Hi everyone, I’ve just joined the community and look forward to chatting with you. Hoping to learn more about my condition and have a better understanding of what I need to do to get the meds right 🙂
Hello !: Hi everyone, I’ve just joined the... - Thyroid UK
Hello !
welcome to forum
Your profile says you’re currently on 25mcg levo for 6months & on lower dose before.
Most start on 50mcg & need to increase by 25mcg every 6-8 weeks to full dose. This is because initially the replacement hormone tops up levels but a few weeks on it replaces what failing thyroid cant produce. ie your likely very overdue an increase & you may be at a hypothyroid levels & can be cause of symptoms you mention.
Do you have access to any blood test results.

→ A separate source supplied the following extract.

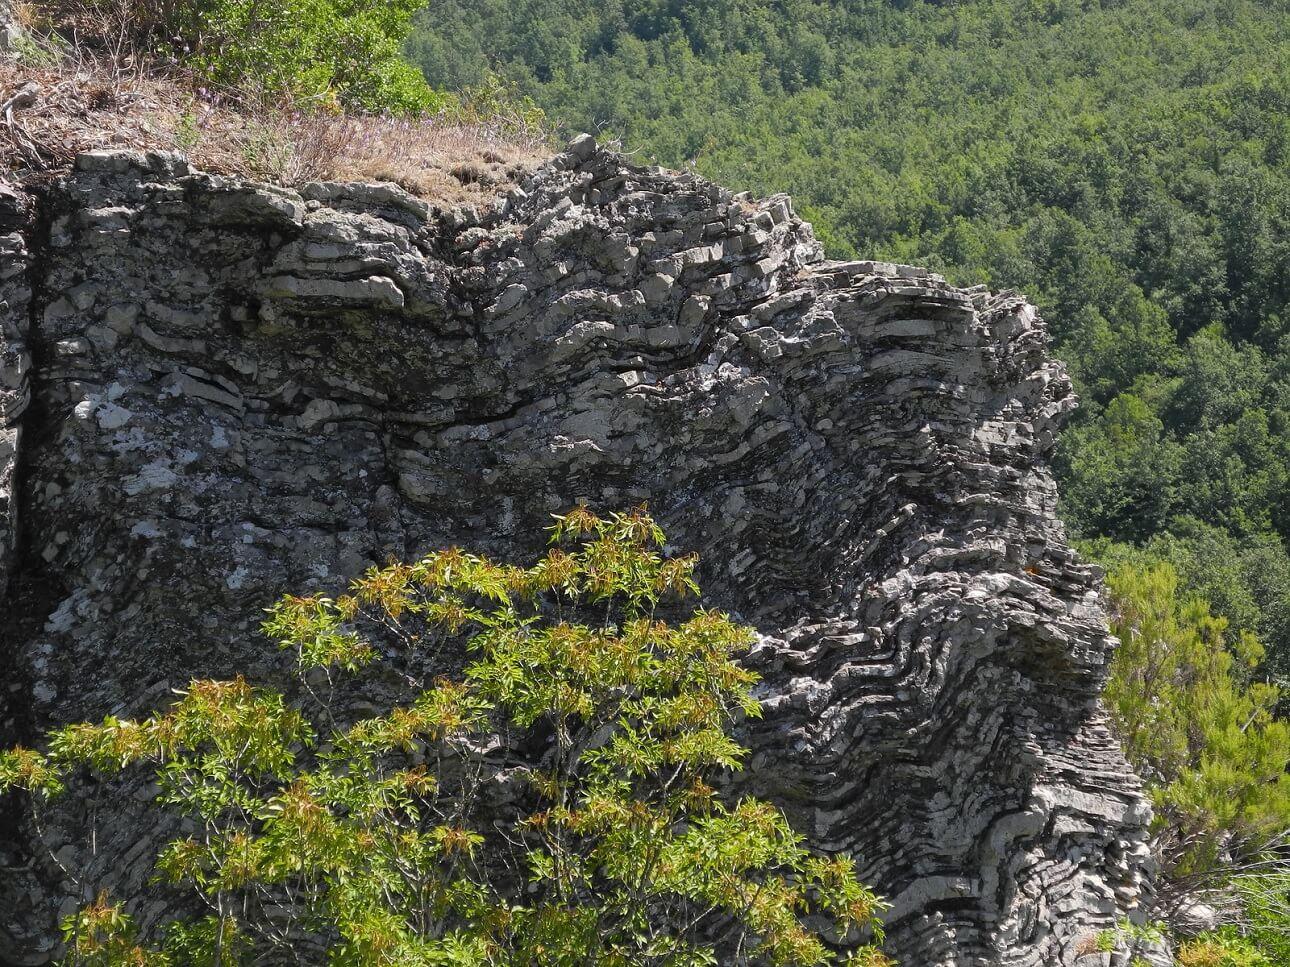 Stratificazione di diaspri sul belvedere della Riserva naturale la Pietra

Printed copies or online record. Post you results with lab range. Ranges vary so always needed.
For full test you need TSH, FT4, FT3, TPO & TG antibodies.
Most feel well with TSH around 1 FT4 top 3rd or range & FT3 at least half way.
Levo works well if Folate, ferritin, B12 & vitamin D are optimal. As doctors don’t test everything many use private options.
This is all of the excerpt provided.